Places of childhood do not leave one's mind—not the good or the bad, not the ugly or the indifferent. So it is with me—yet the last thing New Orleans will leave you as is indifferent. Not even hurricanes, which wipe off many markers of the past, or man-made engineering disasters, which finish off where Mother Nature began her work, not even these disasters will tear from memory these mementos of days gone by. New Orleans is altogether different, another category altogether.

The place has a way of instilling both a pride of place and a sadness of when progress has been stopped, delayed, or hampered. It breeds la joie de vivre and disappointment. It is a city that is far from perfect, but it is one of distinctiveness that all who are associated with it take great pride in. It is an identity that no hurricane or distance can dissipate.

It is a city that has been, since its inception, a city to be documented, but not only documented but also lived. It is a city to live vicariously in, whether it is of the past, present, or the future. They are all contained within the ramparted streets of that unique leveed city. Once you are there, you never truly depart.

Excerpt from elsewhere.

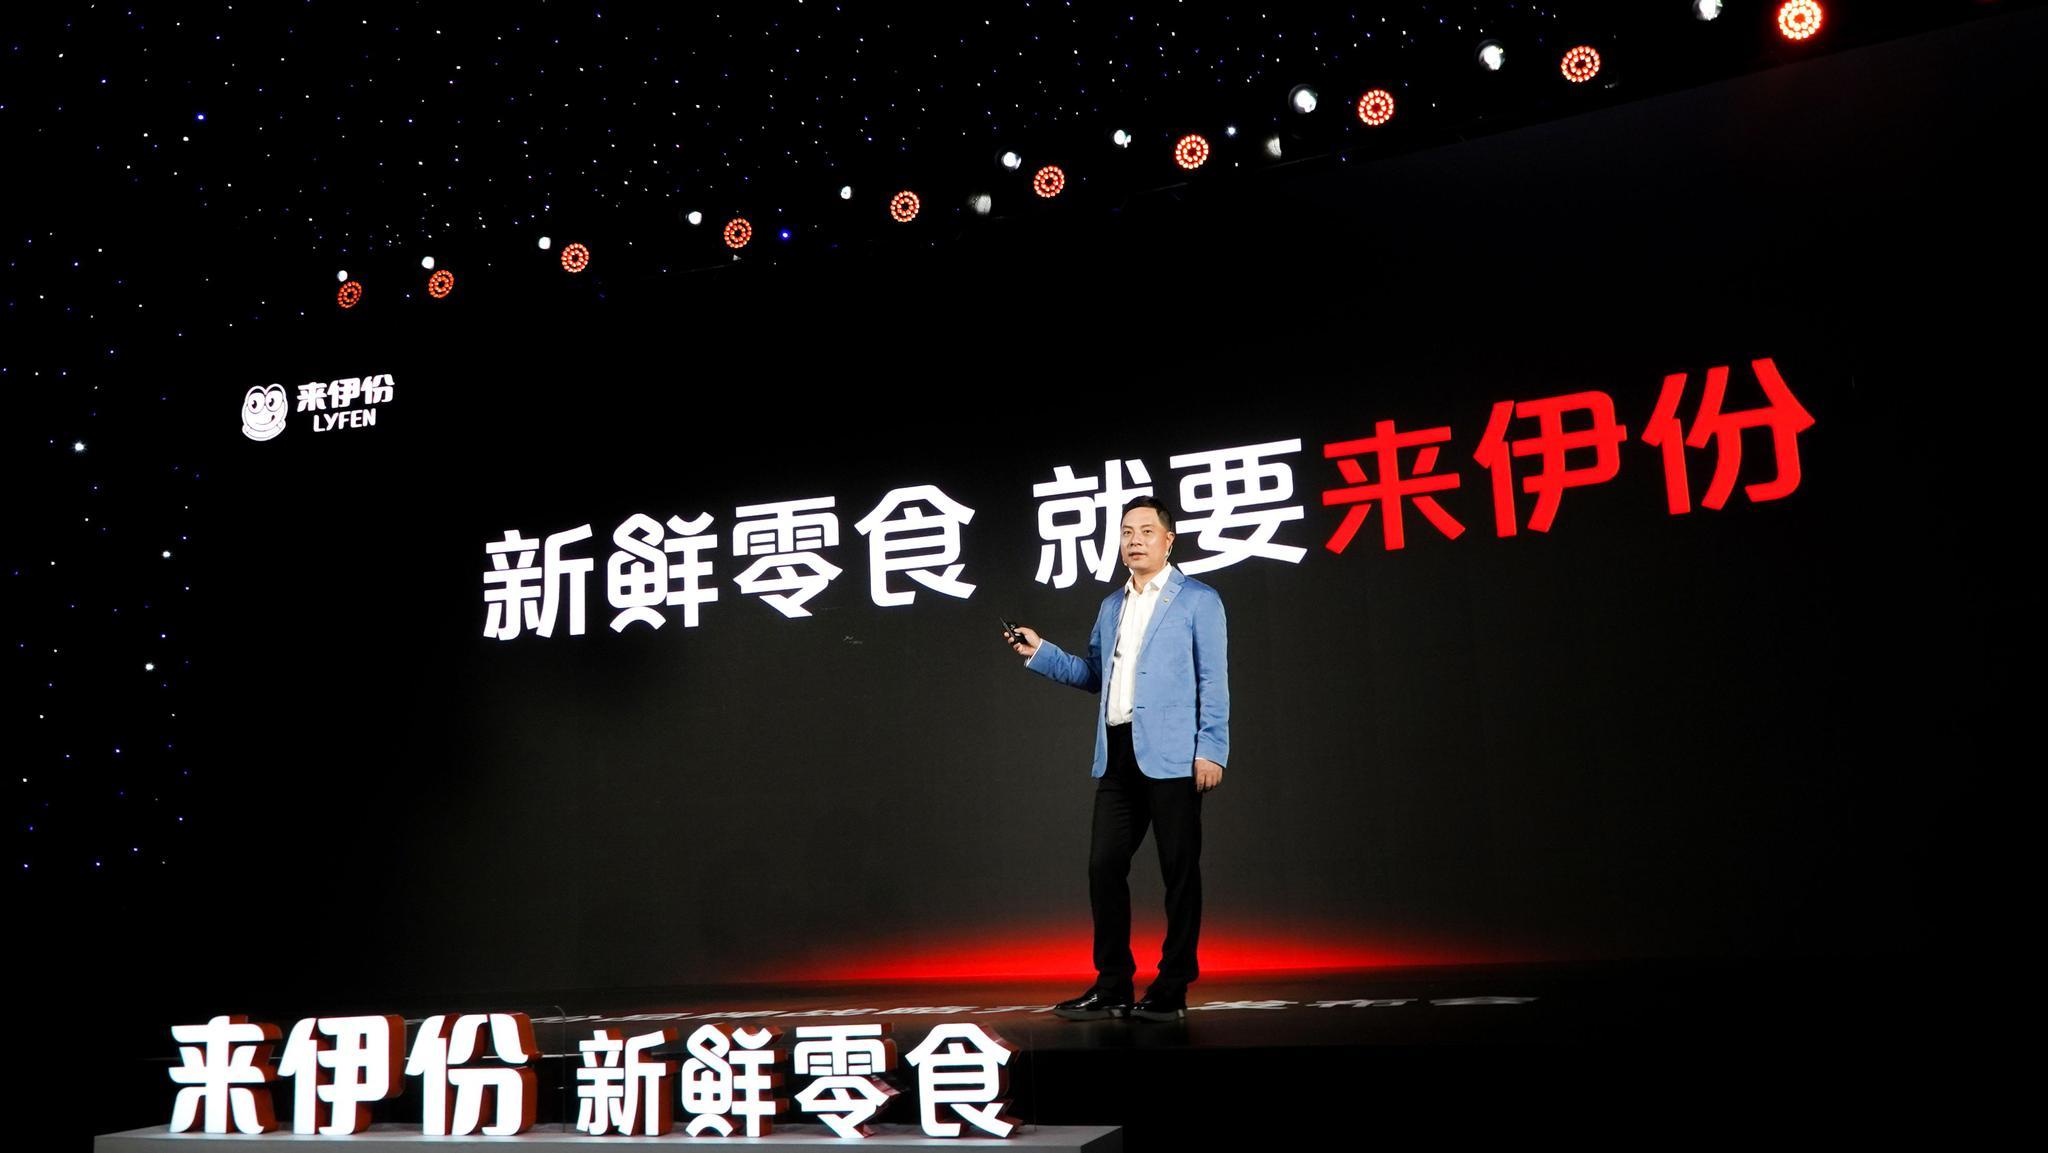 来伊份发布新鲜零食品牌战略,王一博成为全新代言人图片

One always has a piece of the city whether you've been there a day, a year, or a lifetime. The only difference is that when you move away, you become an ambassador of that spirit of life shared. It speaks to the soul like no other place in world can. And sometimes, when the voices get to be too many, one cannot realize this until it is the only voice to remain from the sprawl and noise of another place, a place where all things are manufactured and not grown, a place where the façade is the only thing present.

Yet, one's ambassadorship remains, as though one is left in a second-rate hotel room waiting out the exile to return home. It is a strange love affair that New Orleans breeds. One that remains as thick as the humid air of that river city and remains despite all odds.

More now than ever does New Orleans and the Gulf Coast need its ambassadors. Love affairs do not end once the beloved is gone, they only grow stronger. And, in it, the bonds of those who traveled those hallowed streets, celebrated its unique joy, and lived in those homes now rebuilt but not forgotten can be remembered, renewed, and represented to others as a reminder of the ones who did not make it out of the surly floodwaters or the strong headwinds of the Gulf, of the ones who survived Katrina those five years ago this day if only as a memory to our hearts, to our Louisiana.

If any song will bring me back to Louisiana... if songs had the power to do such things... this one would be it. Louisiana will always be home to me with New Orleans as its heart, wrapped in a faith true.

God bless New Orleans, the state of Louisiana, and the whole Gulf Coast as we mark this fifth anniversary of the Storm that did not break the will of people of the Gulf Coast. It may have washed the shores of a challenged land, but its people will not waver. Its people will not retreat. Its people will prosper and rebuild and renew a place, a face of what is best about America. God bless Louisiana.